A Case for Manners

The news that a major medical school had received a $42 million grant to teach its students bedside manners left me wanting to laugh and cry.

The laugh part is its apparent absurdity. Wouldn't it have already been covered in medical training? Wouldn't it be like teaching electrical circuitry to electricians already installing wires?

We're aware, of course, that relationships in general have increasingly become reduced to impersonal and practical exchanges. When you actually get a human being on the other end, that is.

Doctors follow this trend, even lead it to an extent. Recently I took an old man to the emergency room. The place was empty. Two hours later a resident strolled in, glanced at the chart, asked the patient why he hadn't come in earlier, ordered some tests and walked out.

He's just one physician and doesn't represent the whole lot, but most of us know the routine. Few words; the testing does the talking. So there are hints everywhere that medical students need some human conditioning.

But there are many reasons to doubt that this University of Chicago initiative can provide much of a remedy. Studies show that most would-be doctors are selected on the basis of their quantitative skills. They're good with numbers, scientific reasoning and objective problem solving. They aren't for the most part "people persons."

They must not be blamed for being what they are. It is the job of medical schools to adapt admissions standards to admit more caring, compassionate candidates. Nothing wrong with left-hemisphere people in medicine. We just need more of the others.

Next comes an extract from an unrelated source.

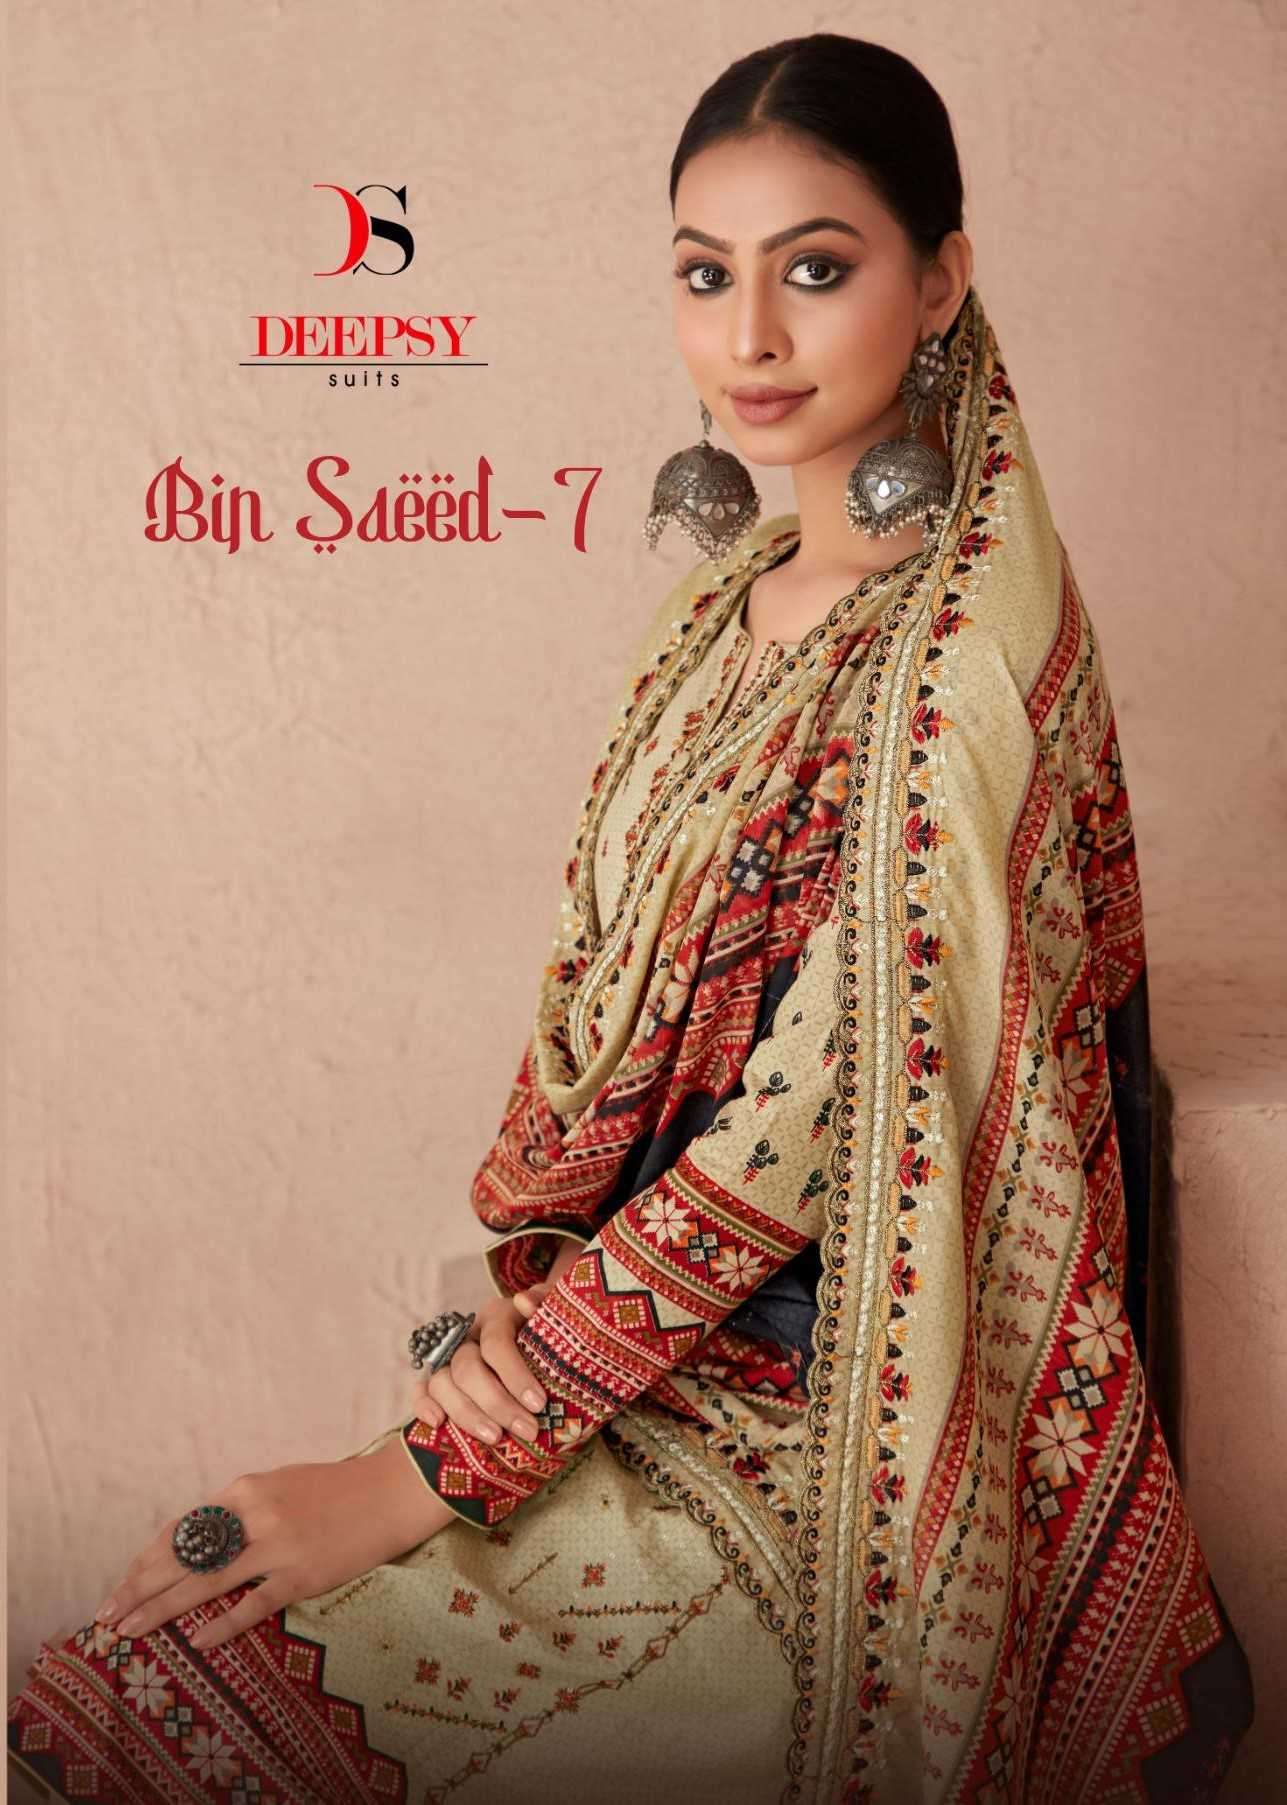 deepsy suits bin saeed vol 7 series 29001-29006 pure cotton suit

Given the dominance of the empirical type of student, is it fair to expect that the new Institute in Chicago can do more than rehearse them in the forms of bedside ethics without evoking genuine empathy and emotional connection? Can they be applauded for at least being taught to go through the motions that don't come naturally? Most are well-intentioned, I assume, but they are in a sense fish out of water through no fault of their own.

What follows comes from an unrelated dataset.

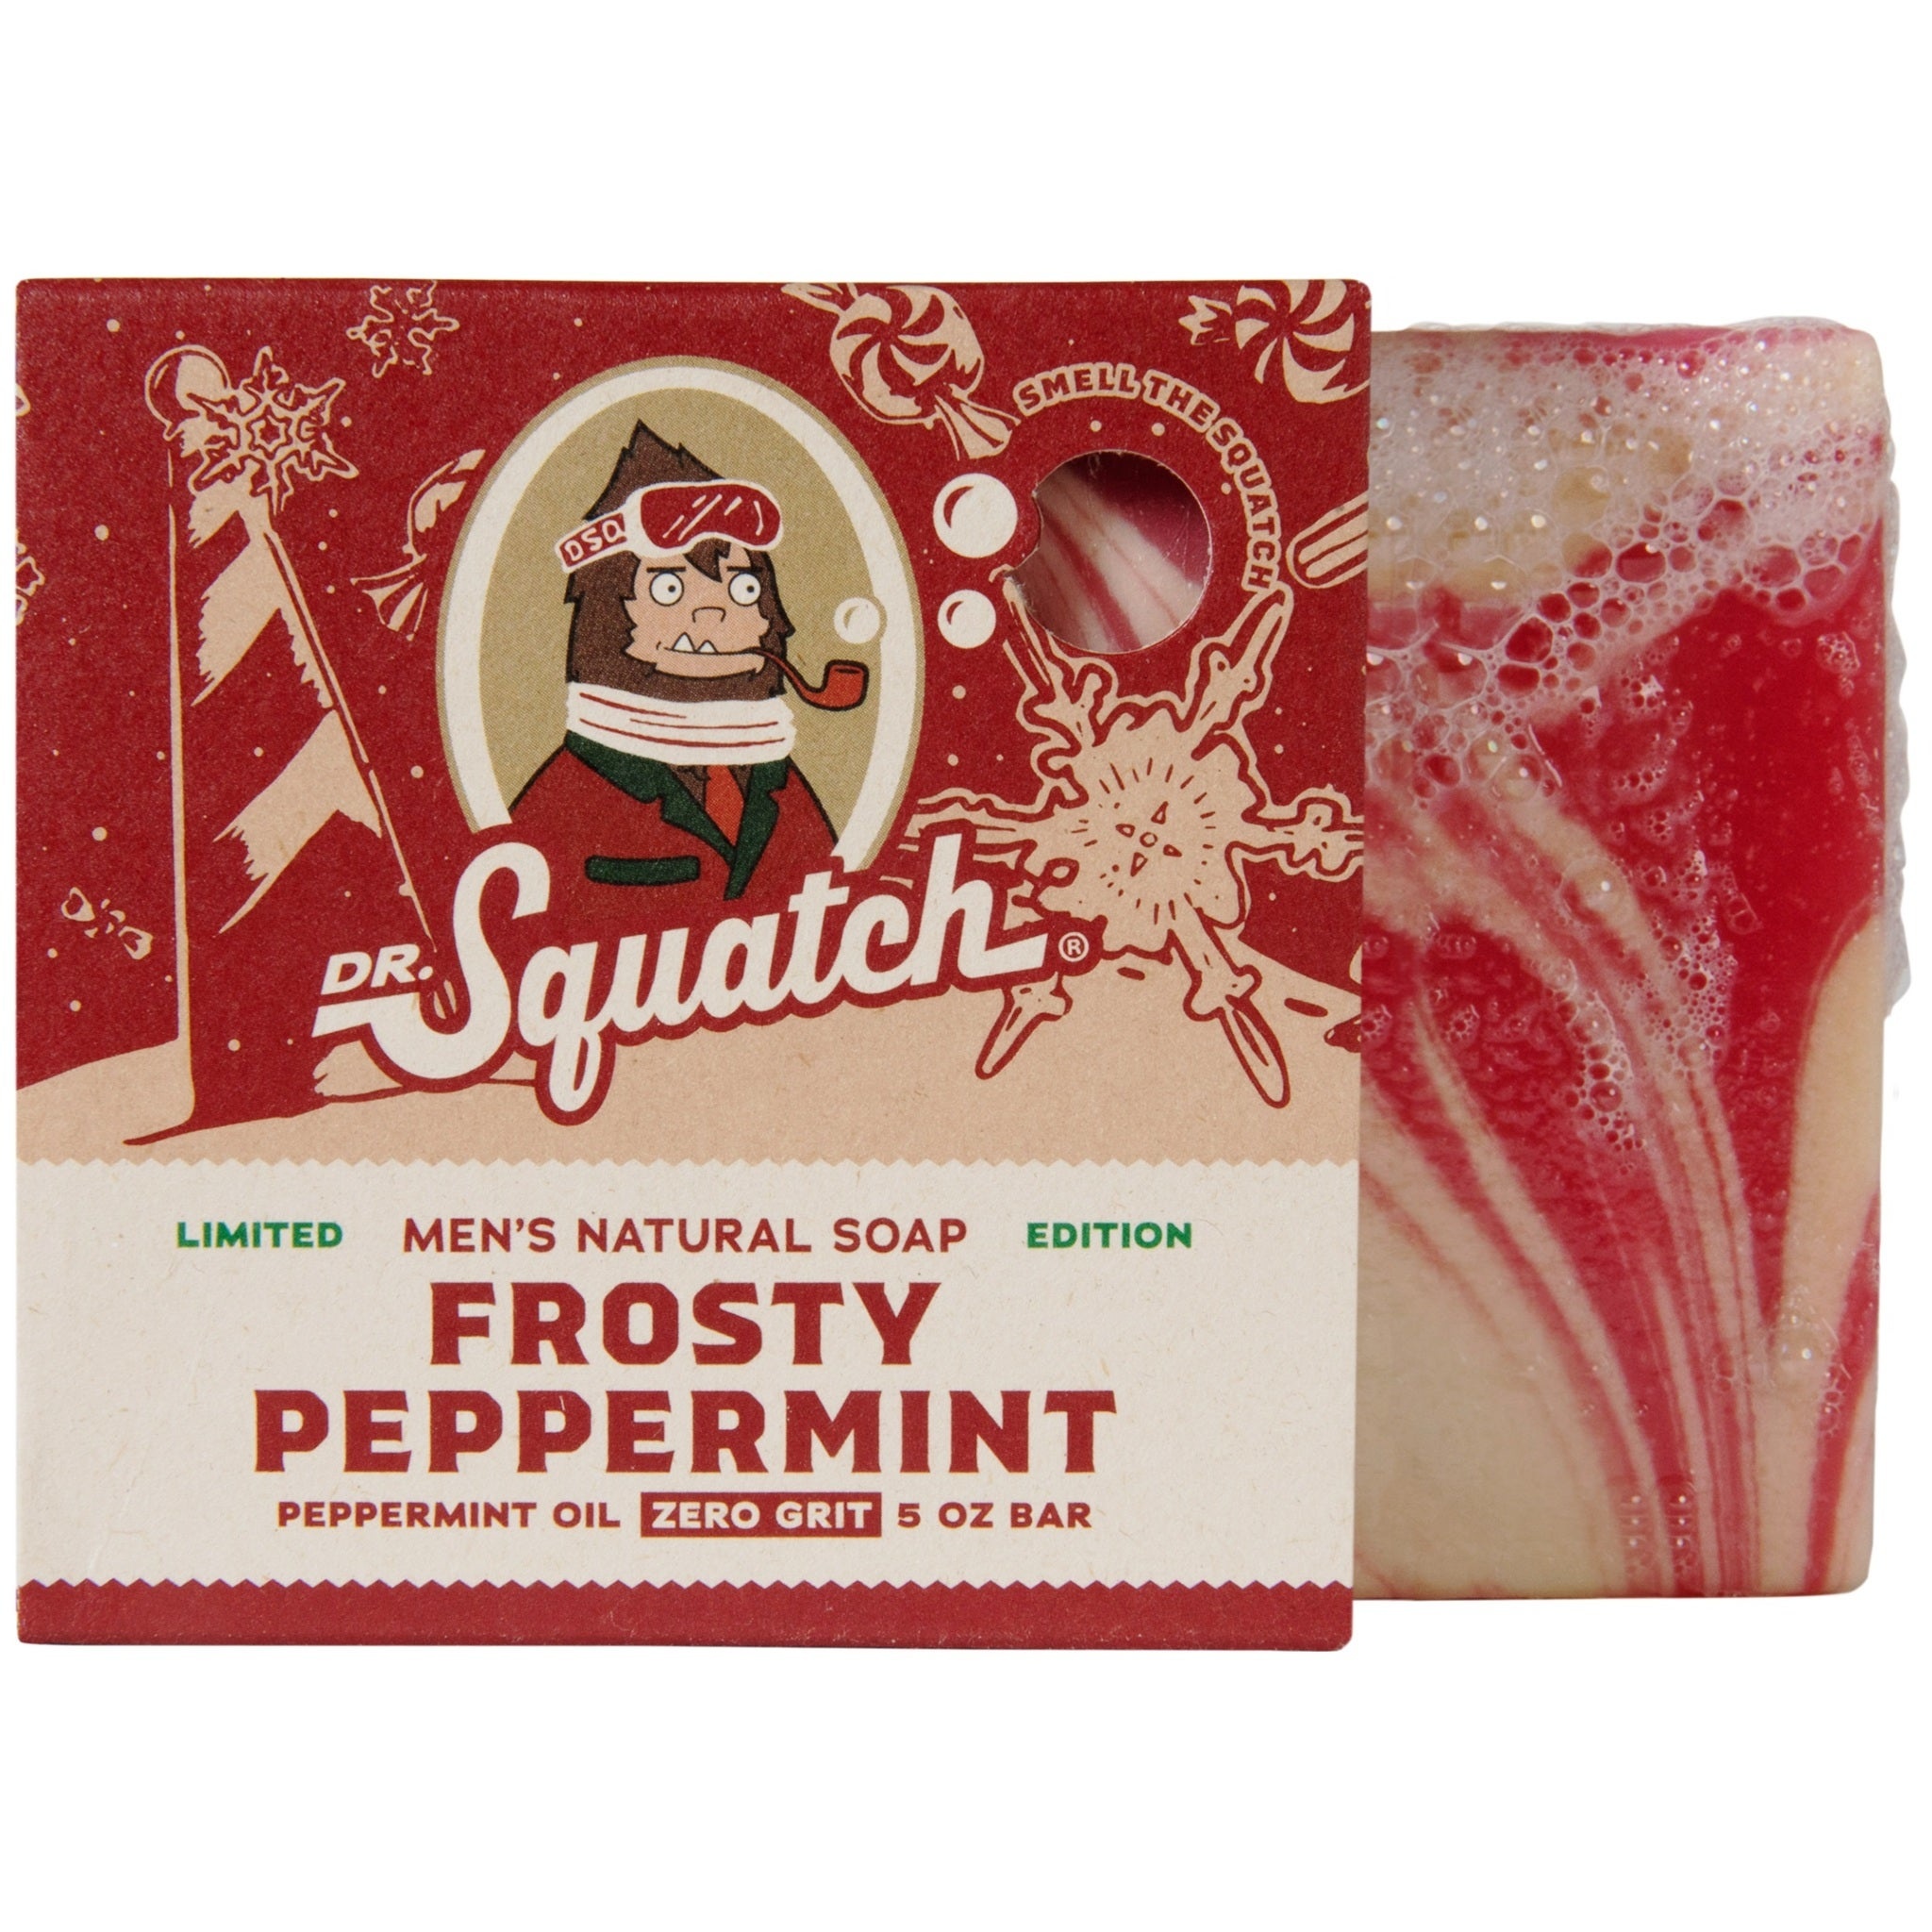 DR SQUATCH FROSTY PEPPERMINT BAR SOAP REVIEW - MINTY FRESH SOAP FOR MEN

The crying side is that the doctor-patient experience has become as objective and empty as it so often is. The Bucksbaums of Chicago, who donated the money, said they were motivated by their own neglect by medical personnel. And they have loads of money. The poorer one is, chances are the worse it gets.

Mounting evidence shows how greatly healing and reduction of suffering owes to the doctor-patient relationship. For many of us who consider ourselves religious, that shouldn't be news but often turns out to be.

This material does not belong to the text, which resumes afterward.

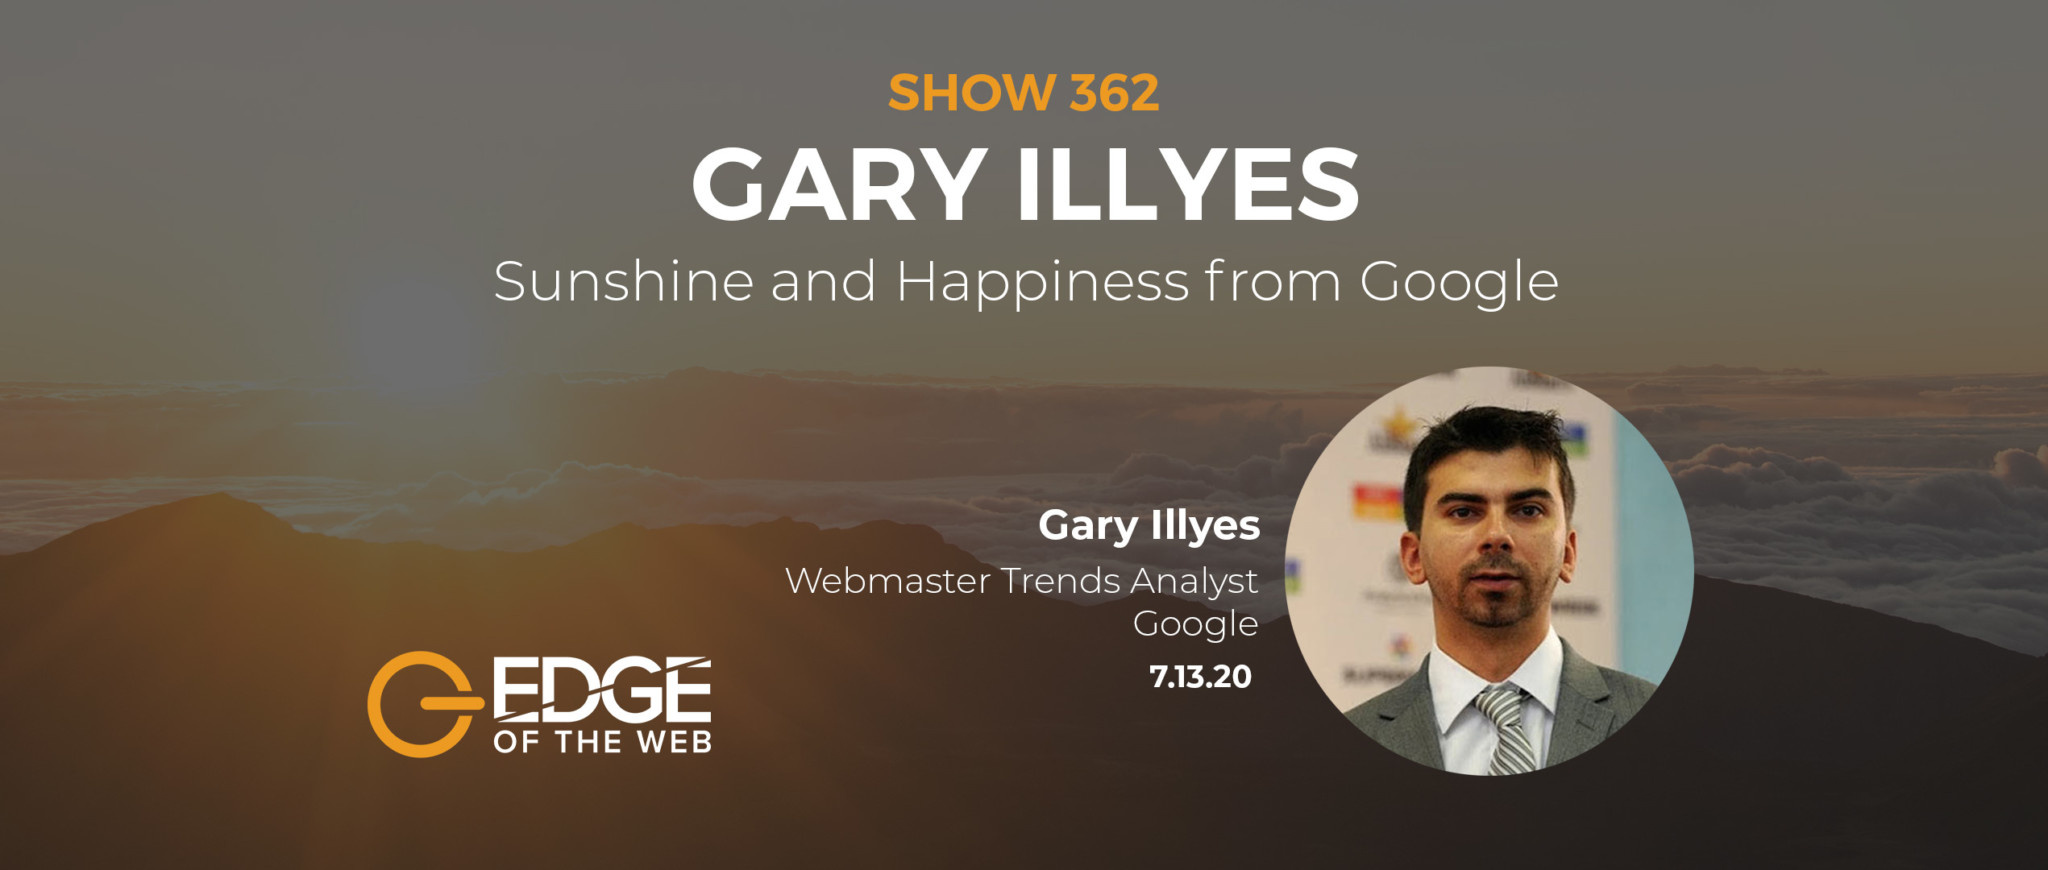 Gary Illyes EDGE EP362 Featured Image

The Christian exemplar, of course, is the Great Physician who kept pointing out the huge role of spiritual and emotional factors in sickness. To one man begging for relief, his response was "your sins are forgiven."

The Chicago grant is also a reminder that Christian relationships are prey to the same impatience, quick-fix, multi-tasking ruin that others face in other settings. How much do seminarians, to say nothing of regular church goers, become attuned to the sacred dimensions of ordinary conversation or in responding to problems and crises of friends? Perhaps that is going well and we don't need the equivalent of a tens of millions of dollars experiment to re-emphasize. Perhaps cultural distractions, glib, unhearing advice and growing rudeness don't affect Christians much. Just wondering.